Meitner’s earliest research began at age 8, when she kept a notebook of her records underneath her pillow. She was particularly drawn to math and science, and first studied colors of an oil slick, thin films, and reflected light. Meitner studied physics and went on to become the second woman to obtain a doctoral degree in physics at the University of Vienna in 1905.Then she went to Berlin, where she met physics heavyweight Max Planck. Planck was notorious for turning away female students, but he begrudgingly allowed Meitner into his lectures. A year later he made her a research assistant to chemist Otto Hahn, with whom she made several groundbreaking discoveries.

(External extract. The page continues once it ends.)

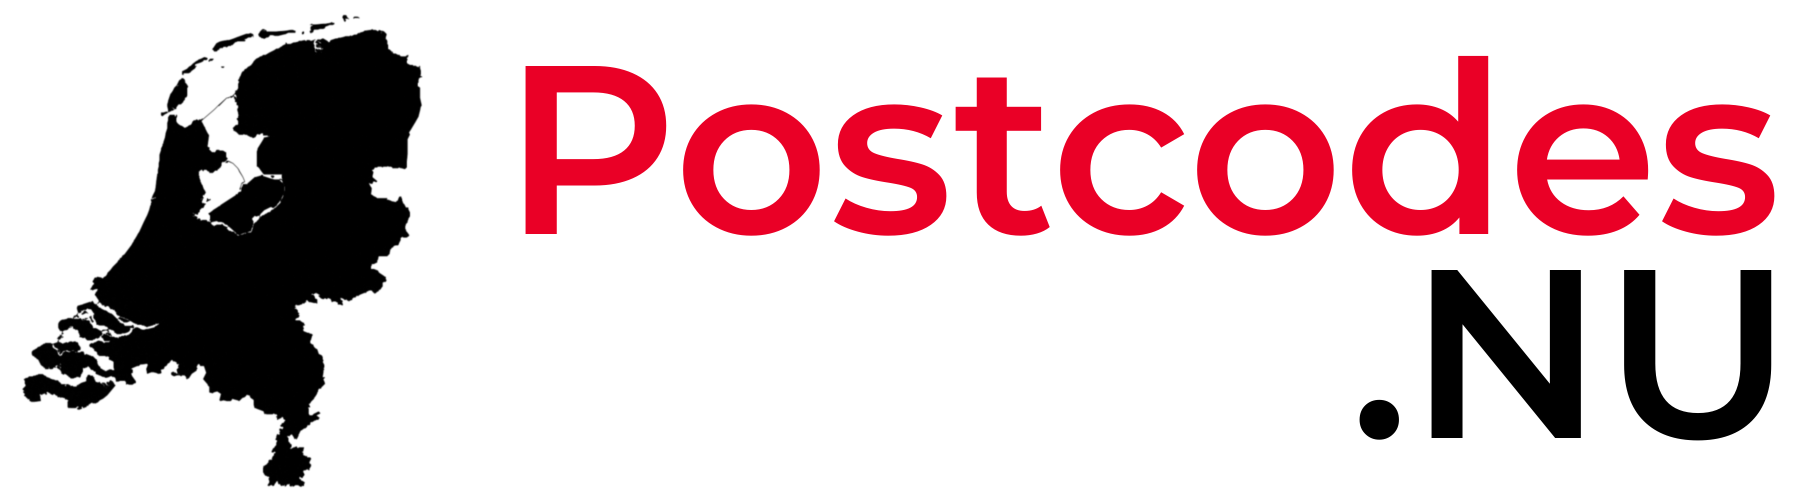 Postcodes.NU Logo

She worked together with Hahn for 30 years, each of them leading a section in Berlin’s Kaiser Wilhelm Institute for Chemistry. Hahn and Meitner collaborated closely, studying radioactivity, with her knowledge of physics and his knowledge of chemistry. In 1918, they discovered the element protactinium. She and Otto Hahn, the director of the KWI, undertook the so-called “transuranium research” program. This program eventually led to the unexpected discovery of nuclear fission of heavy nuclei in December 1938, half a year after she had left Berlin. In 1944, Hahn was awarded the Nobel Prize for Chemistry for his research into fission, but Meitner was ignored, partly because Hahn downplayed her role ever since she left Germany. Meitner discovered the radiation less transition known as the Auger effect in 1923, which is named for Pierre Victor Auger, a French scientist who discovered the effect two years later.

In 1912 the research group Hahn–Meitner moved to the newly founded Kaiser-Wilhelm-Institute (KWI) in Berlin-Dahlem, south west in Berlin. She worked without salary as a “guest” in Hahn’s department of Radiochemistry. She served as a nurse handling X-ray equipment in World War I. In 1926, Meitner became the first woman in Germany to assume a post of full professor in physics, at the University of Berlin. In 1935, as head of the physics department of the Kaiser Wilhelm Institute for Chemistry in Berlin-Dahlem.

She received jointly with Hahn the Max Planck Medal of the German Physical Society in 1949, and in 1955 she was awarded the first Otto Hahn Prize of the German Chemical Society. Meitner received 21 scientific honors and awards for her work. In 1997, element 109 was named meitnerium in her honor. She is the first and so far only non-mythological woman thus honored.